─── INFORMATION SUPPLIED ───

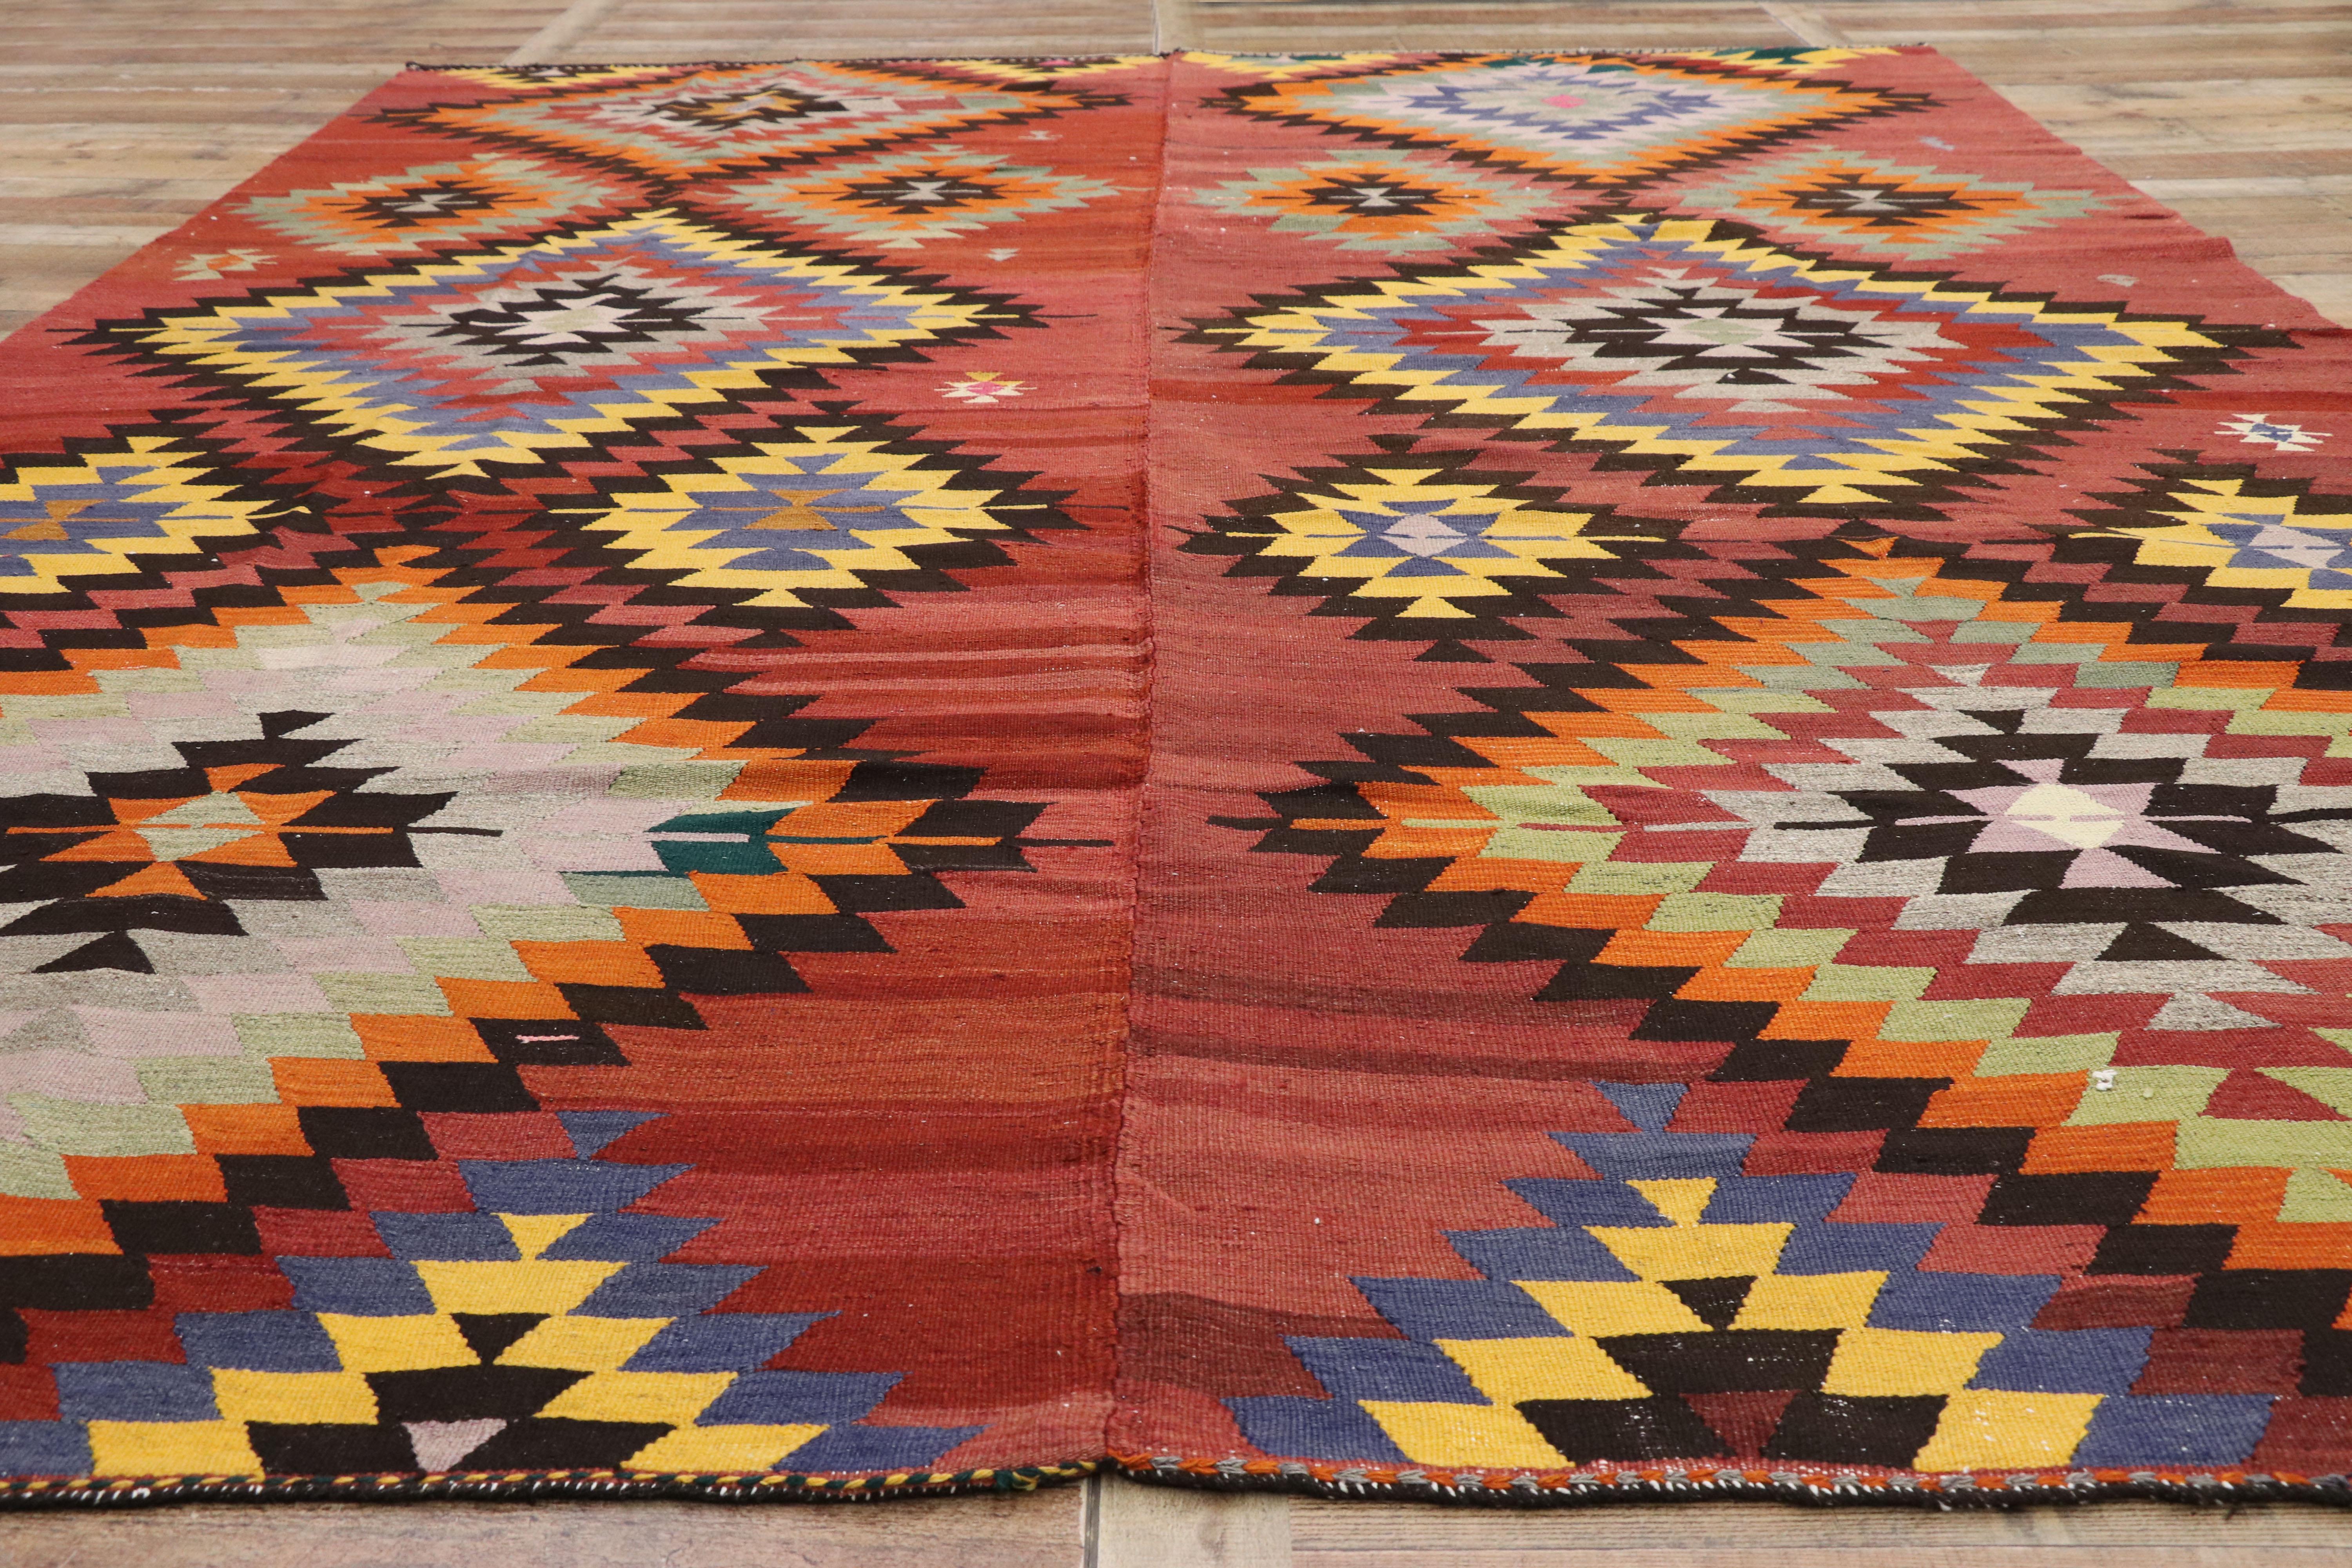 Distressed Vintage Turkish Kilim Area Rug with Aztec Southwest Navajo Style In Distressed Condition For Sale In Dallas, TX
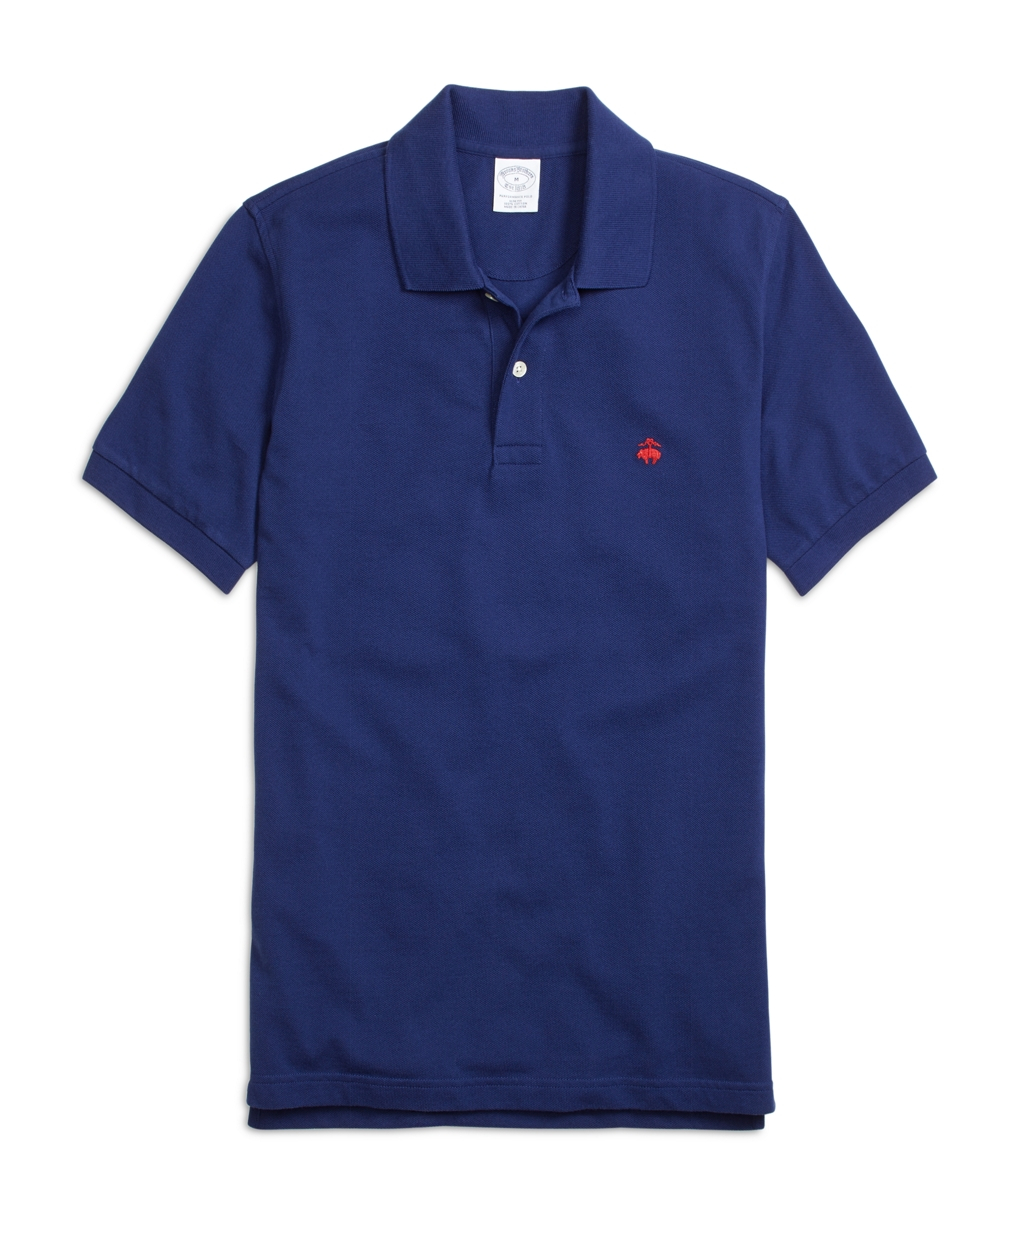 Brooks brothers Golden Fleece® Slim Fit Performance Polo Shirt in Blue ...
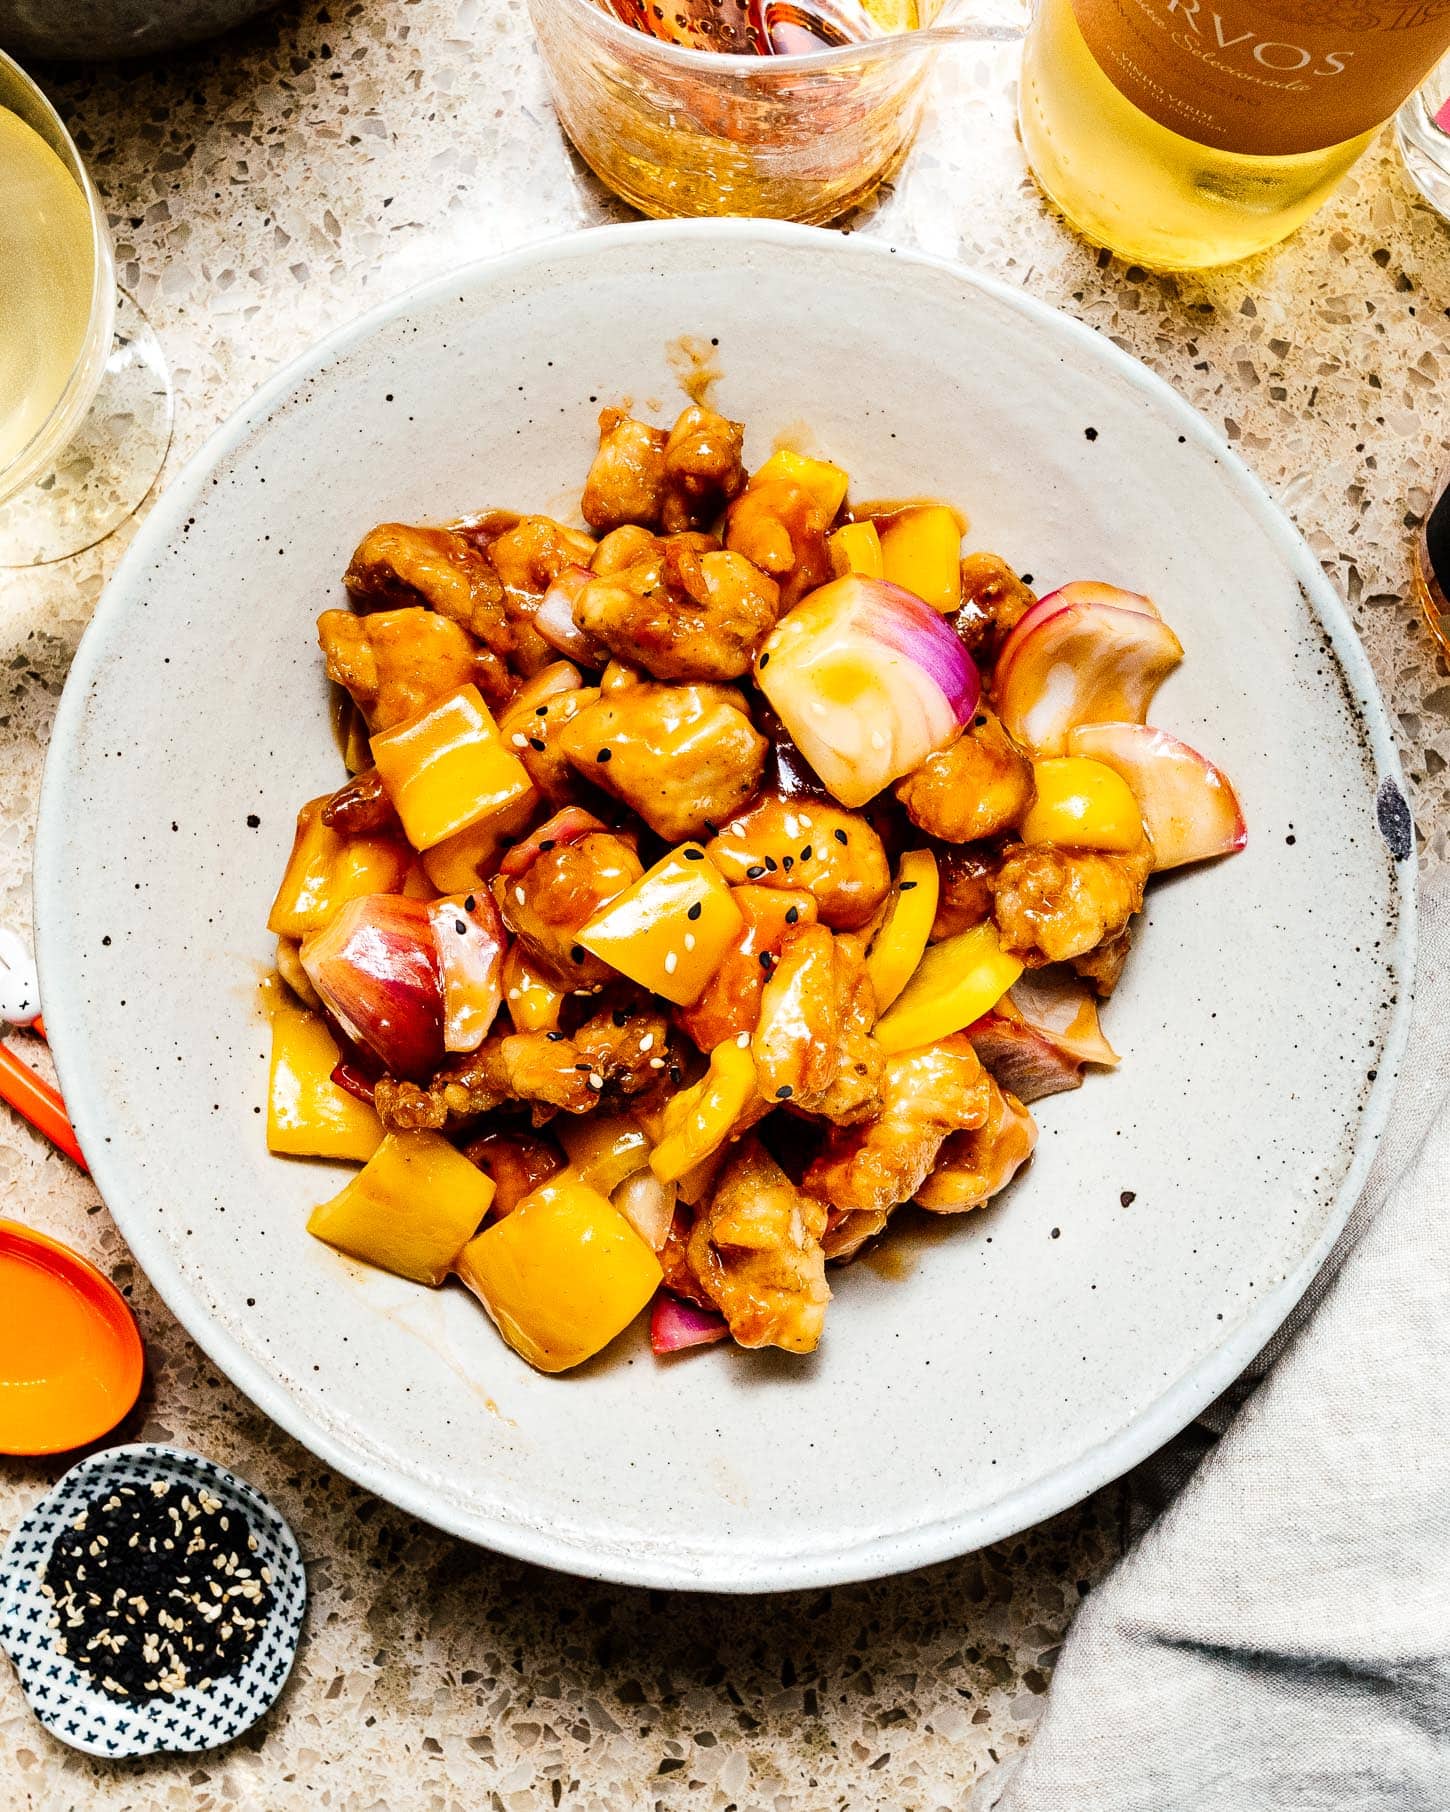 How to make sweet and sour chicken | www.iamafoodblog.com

───

• [WORK REQUIRED] Output the whole of the data, unchanged; keep the pictures out.

• [TASK SOLUTION]
 Distressed Vintage Turkish Kilim Area Rug with Aztec Southwest Navajo Style In Distressed Condition For Sale In Dallas, TX
 Brooks brothers Golden Fleece® Slim Fit Performance Polo Shirt in Blue ...
 How to make sweet and sour chicken | www.iamafoodblog.com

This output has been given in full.